I was a couple weeks away from turning 15.  My dad had retired from Lejeune at that point but we had family in Jacksonville so still went down four, five times a year.  We were there a week or so after, right before my birthday.  The whole town, the base, were very somber, and there was a very palpable pall in the air.  I have been in/around that base and town since I was born, and I had never seen it like that.


----------



## Devildoc (Oct 23, 2020)

It's that day... say a prayer, have a toast.


----------



## x SF med (Oct 23, 2020)

I was in the SFQC at the time.


----------



## Ooh-Rah (Oct 23, 2020)

x SF med said:


> I was in the SFQC at the time.


If you are willing....’how’ was It discussed with the class by the cadre?  “Here we go gents, get angry and dig deep” or from more of a somber point-of-view?


----------



## Steve1839 (Oct 23, 2020)

I was in Bad Toelz when both the Embassy and Marine barracks were bombed...in both cases, we spun up, stood down and got frustrated...

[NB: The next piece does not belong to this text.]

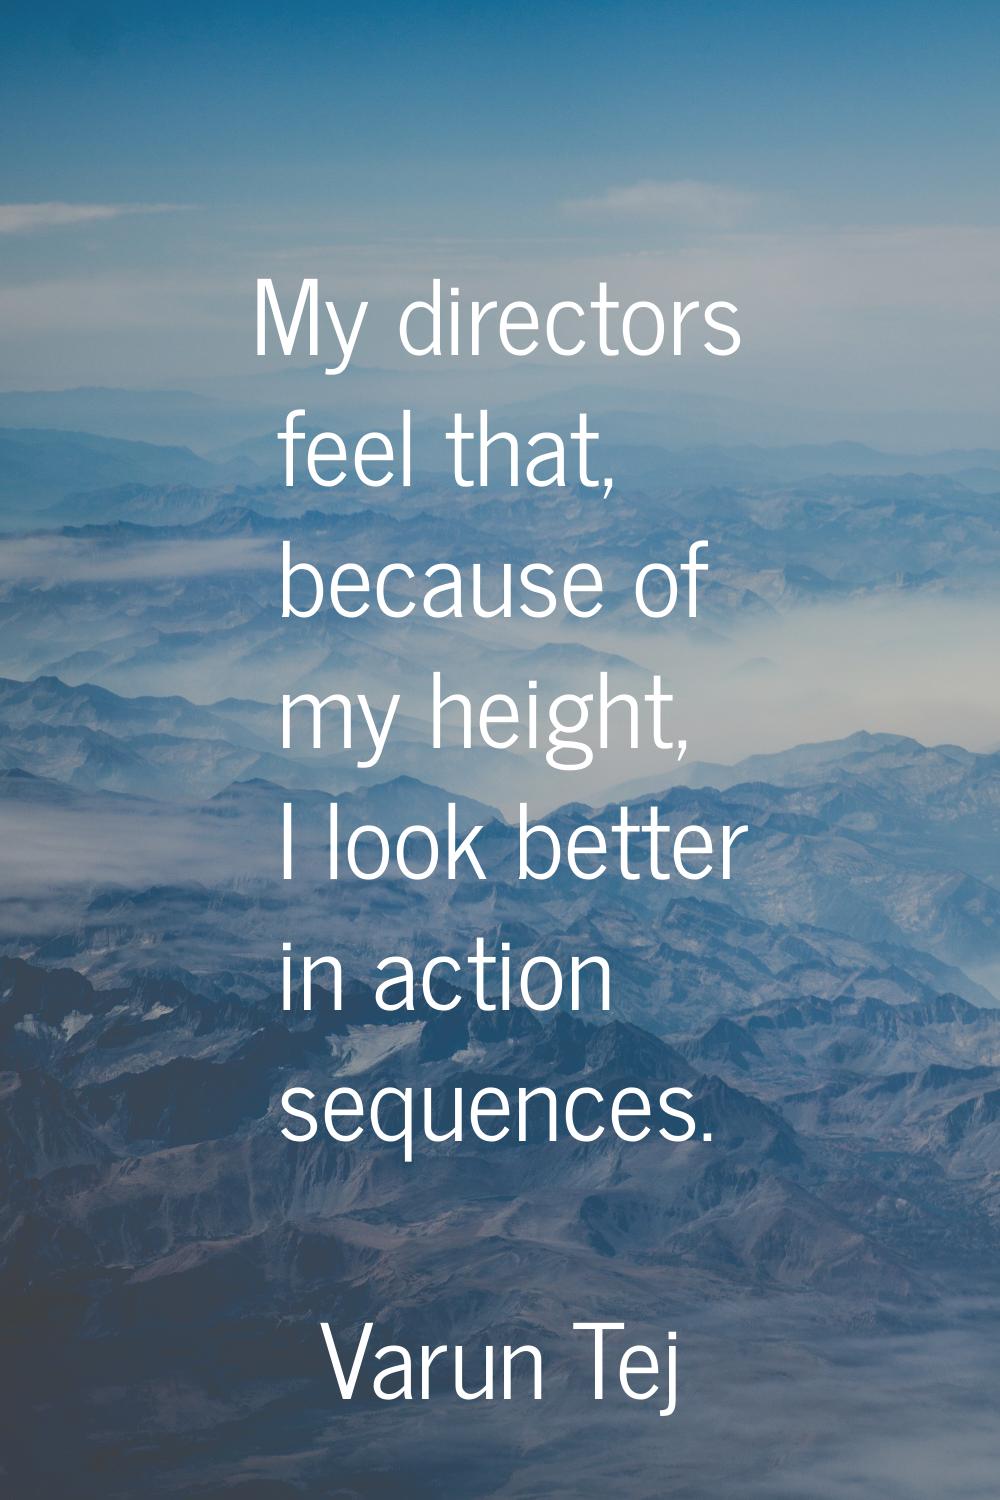 My directors feel that, because of my height, I look better in action sequences.
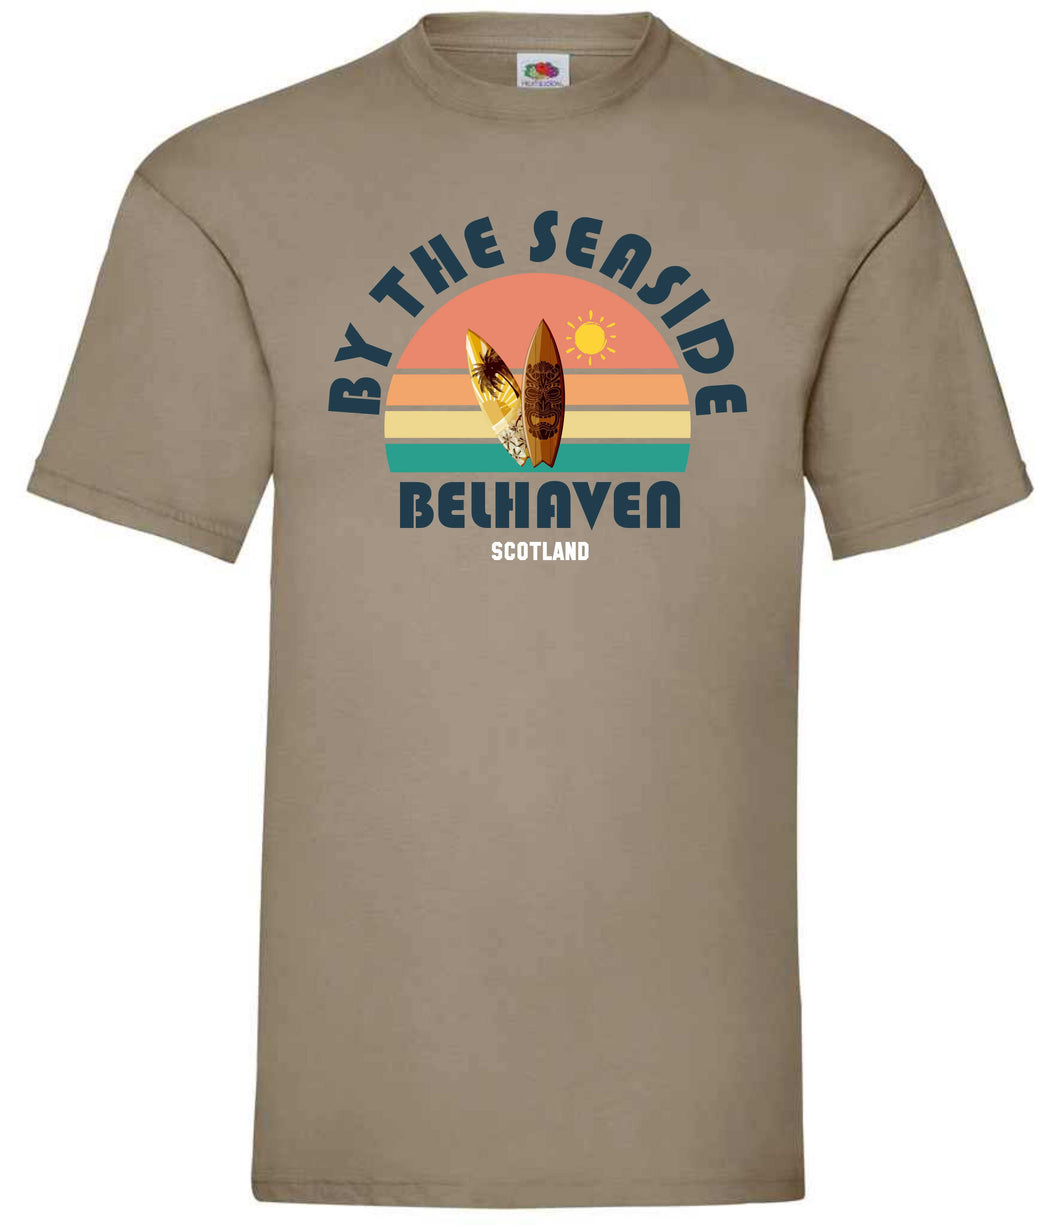 Belhaven by the Sea T-Shirt

FLASHBACK: April 18, 1983: U.S. Embassy Attacked in Beirut — Central Intelligence Agency

There was a company from 2nd Battalion there at the time (or perhaps a pilot team, I forget...)  I guess the plan was if anything was needed, they'd take care of it...we'd just returned from a JCET in Greece and thought we'd be the logical choice to go, but logic is rarely applied in these circumstances...


----------



## SOSTCRNA (Oct 23, 2020)

Was in the 82nd and we thought we were heading over, ended up in Grenada instead.  RIP to all lost.


----------



## Kawi47 (Oct 28, 2020)

I was a farmer with a Wife and a Son. Enlisted afterwards and because of having 2 dependents I had to enter "open contract". I learned years later that the reason I became a Field Radio Operator was because so many were lost that day.


----------



## Grunt (Oct 29, 2020)

Lest we ever forget you, Brothers....


----------